Problem details
The full listing, minus its pictures, should be printed again exactly as it stands.

Information shown below:

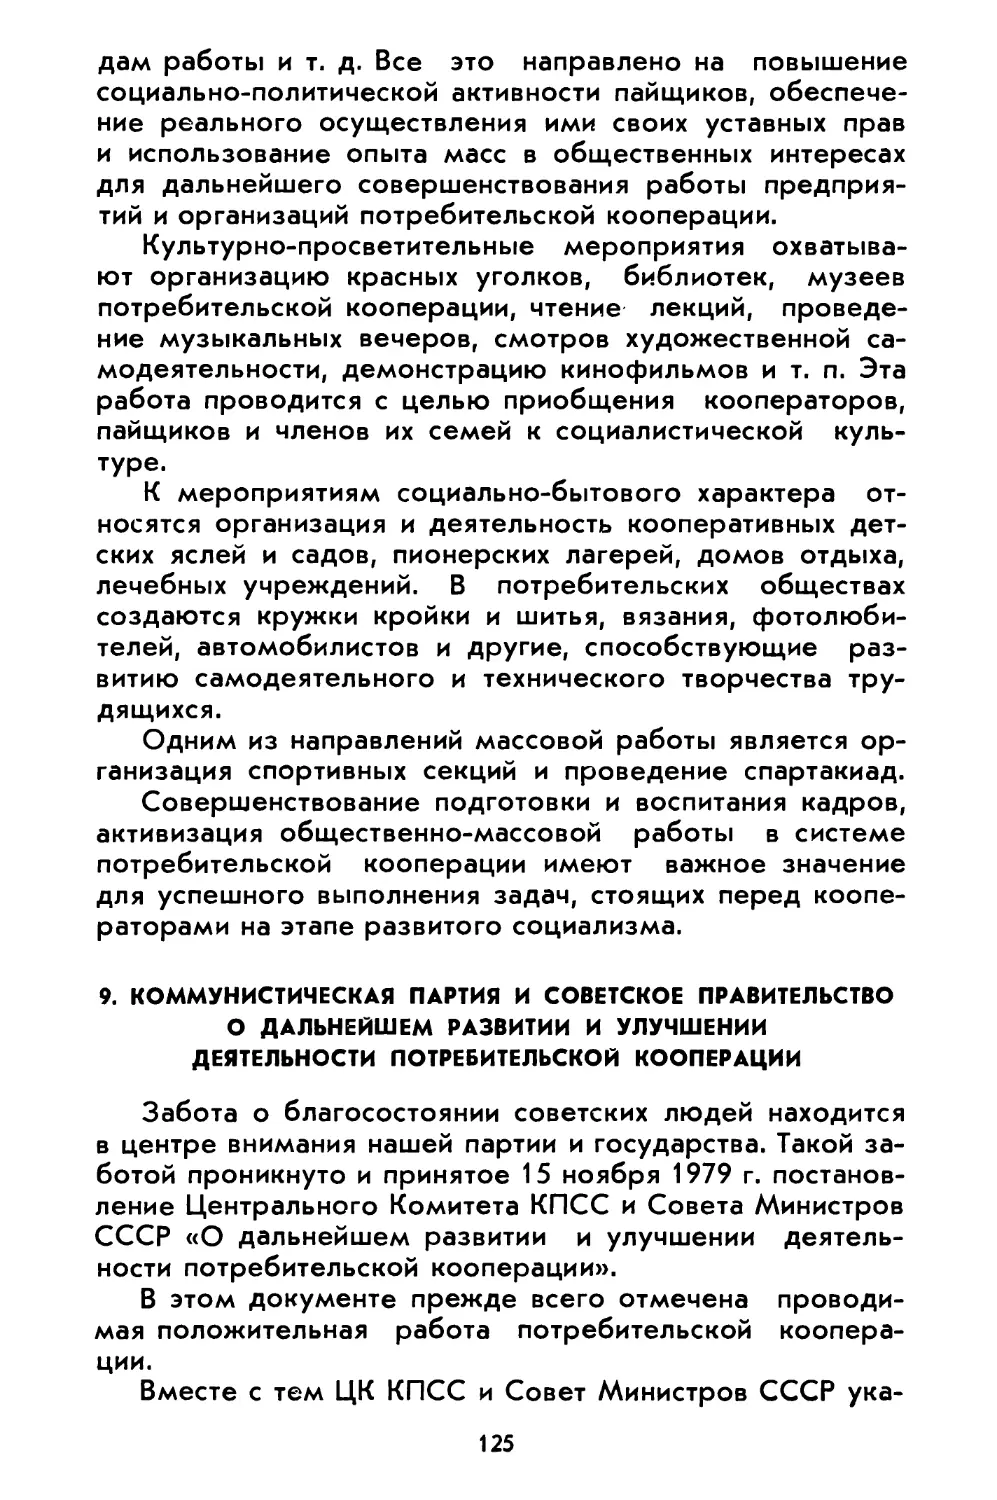 9. Коммунистическая партия и Советское правительство о дальнейшем развитии и улучшении деятельности потребительской кооперации
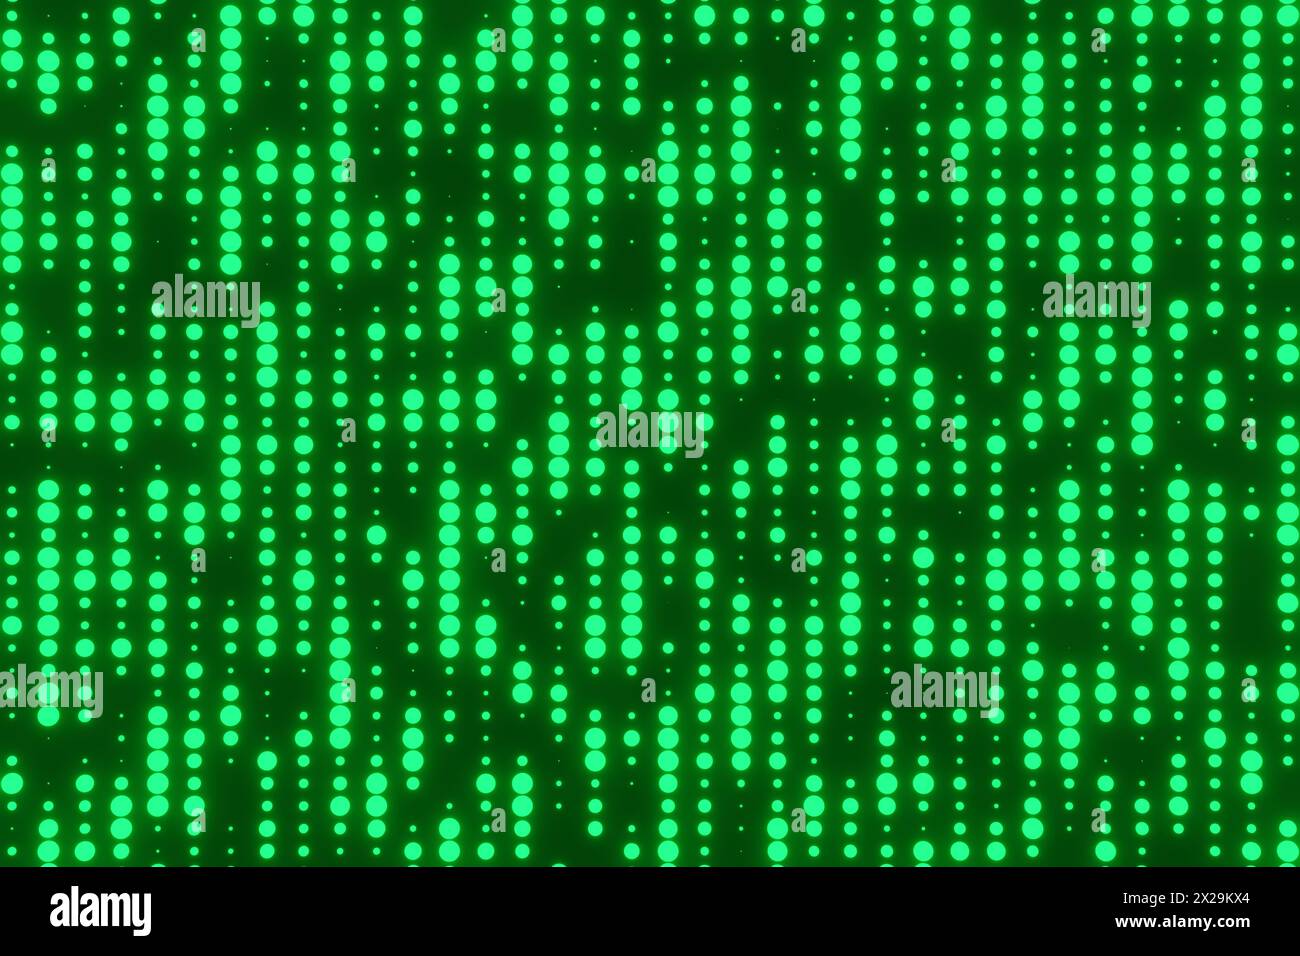 Leuchtende grüne Punkte, die einen Retro-CRT-Bildschirm bilden. Hintergrund und Hintergrundbild zu den Themen Technik, Informatik und Elektronik Stockfoto
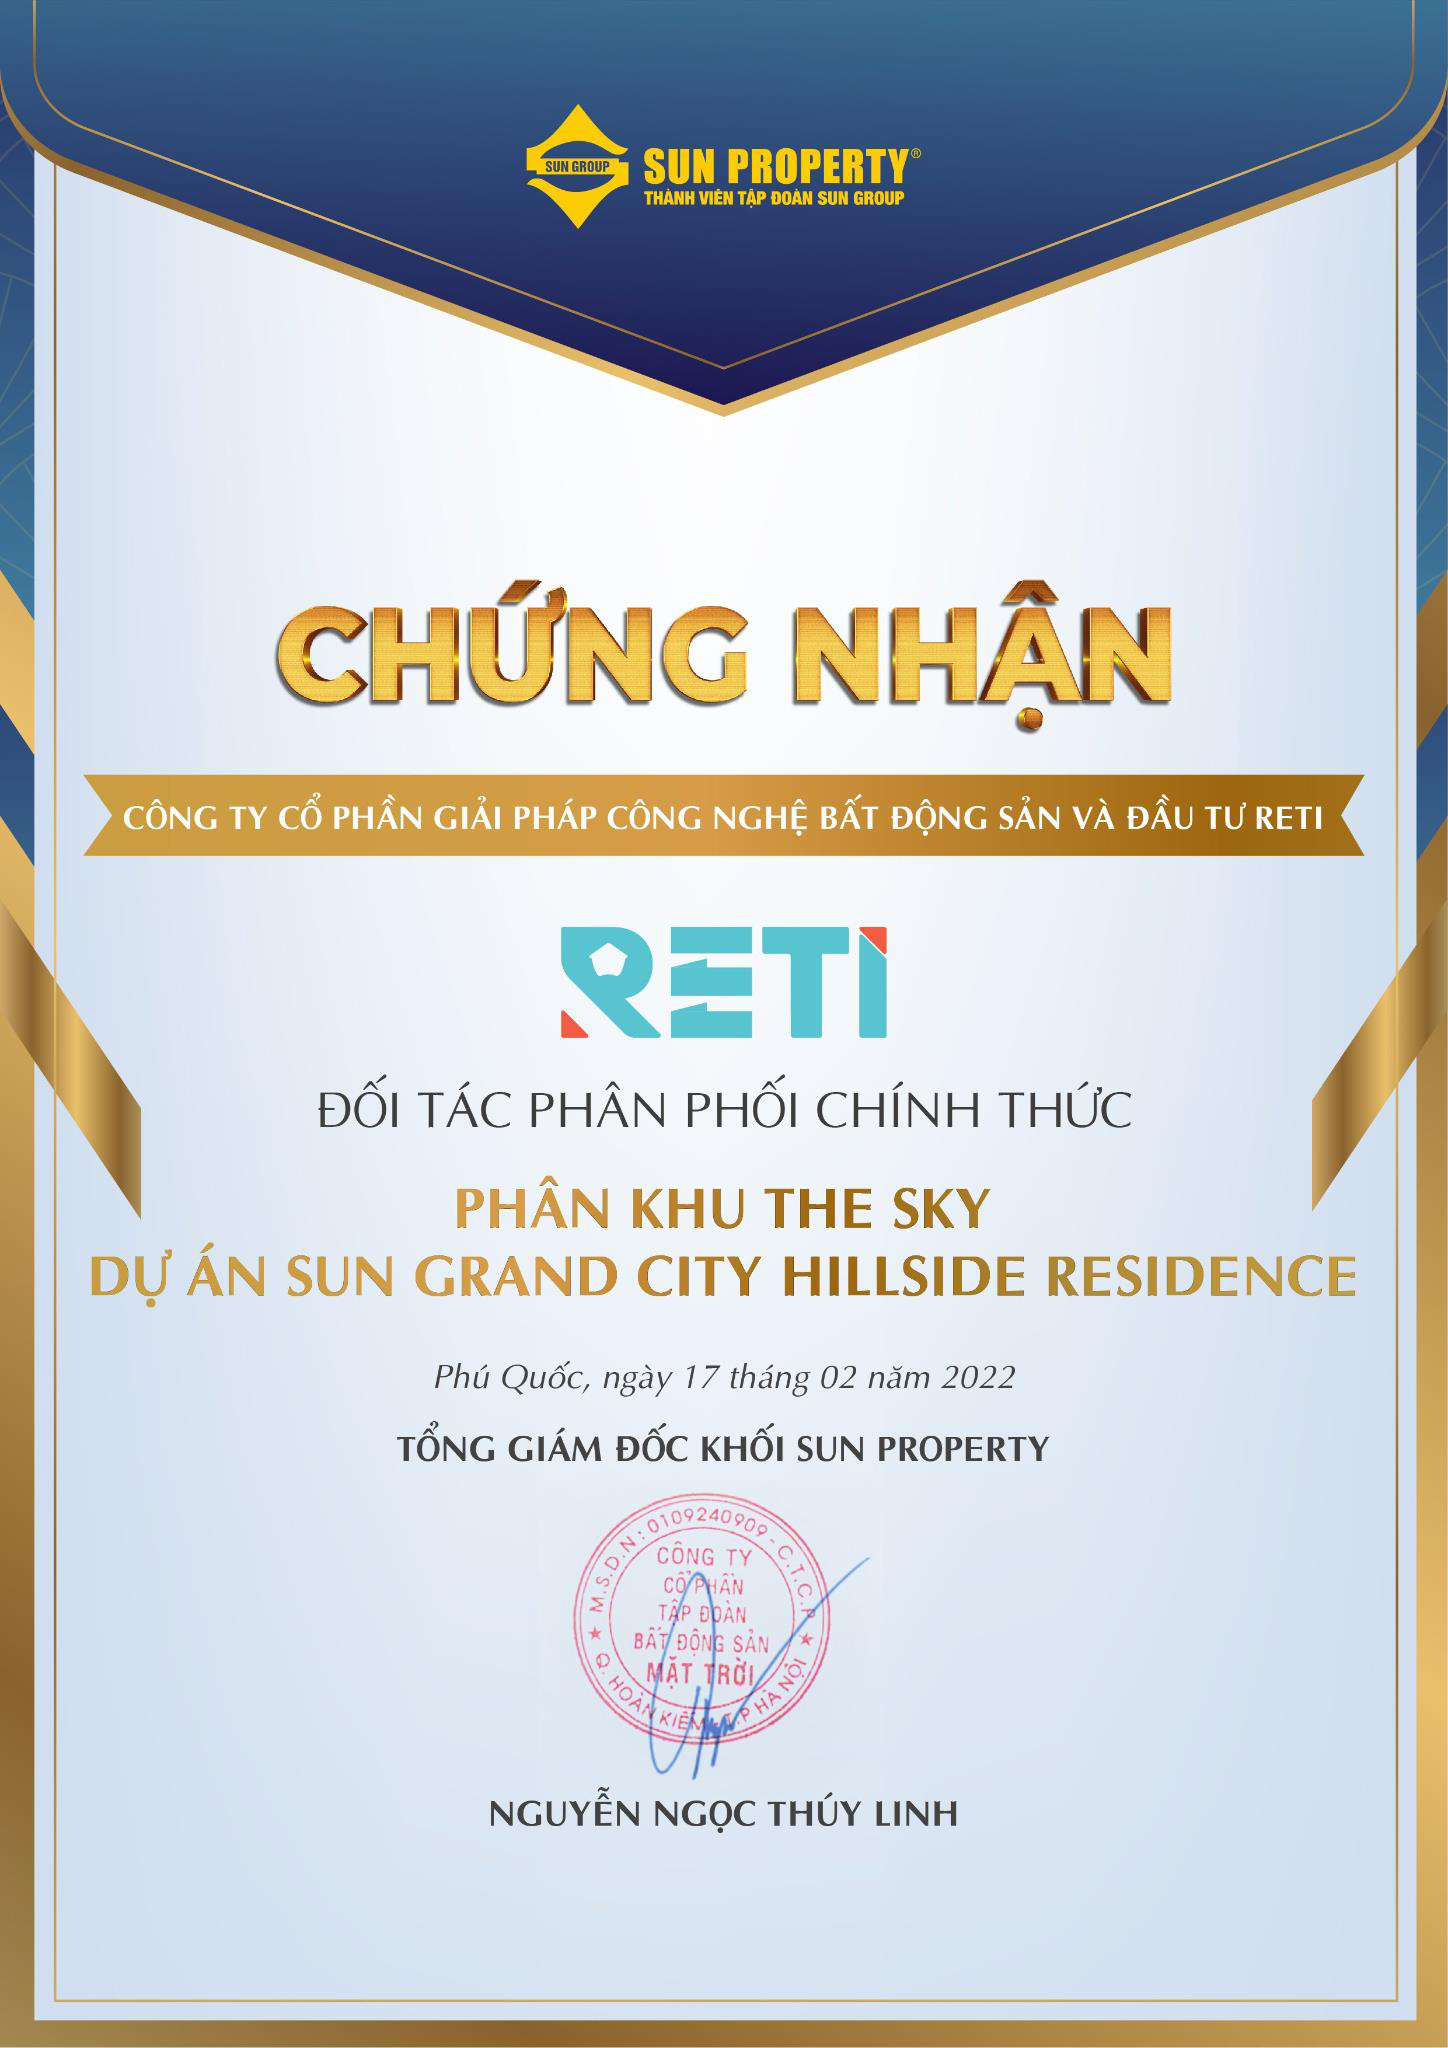 RETI phân phối chính thức phân khu The Sky - Sun Grand City Hillside Residence - Ảnh 1.
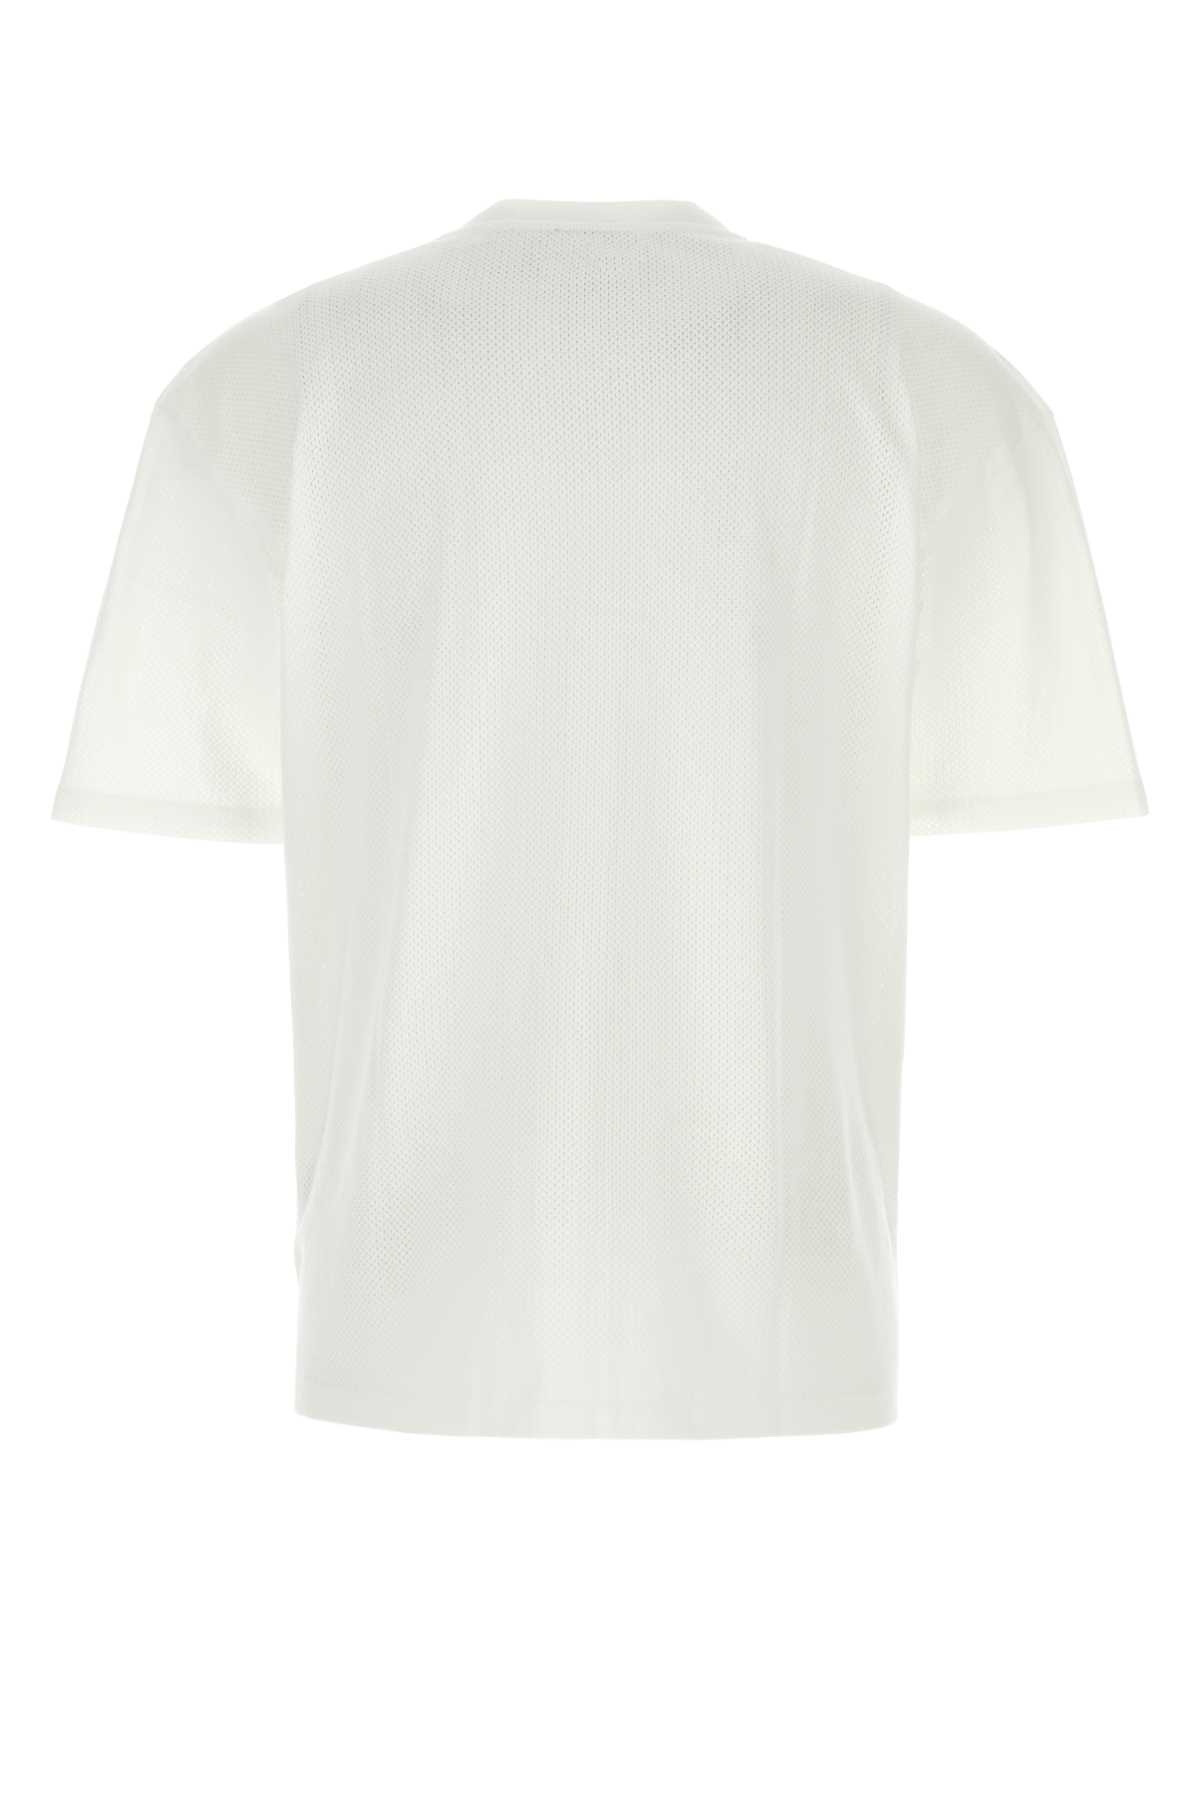 Shop Apc White Cotton Oversize T-shirt

End of Information shown.

Response box
 9. Коммунистическая партия и Советское правительство о дальнейшем развитии и улучшении деятельности потребительской кооперации
 Leuchtende grüne Punkte, die einen Retro-CRT-Bildschirm bilden. Hintergrund und Hintergrundbild zu den Themen Technik, Informatik und Elektronik Stockfoto
 RETI phân phối chính thức phân khu The Sky - Sun Grand City Hillside Residence - Ảnh 1.
 Shop Apc White Cotton Oversize T-shirt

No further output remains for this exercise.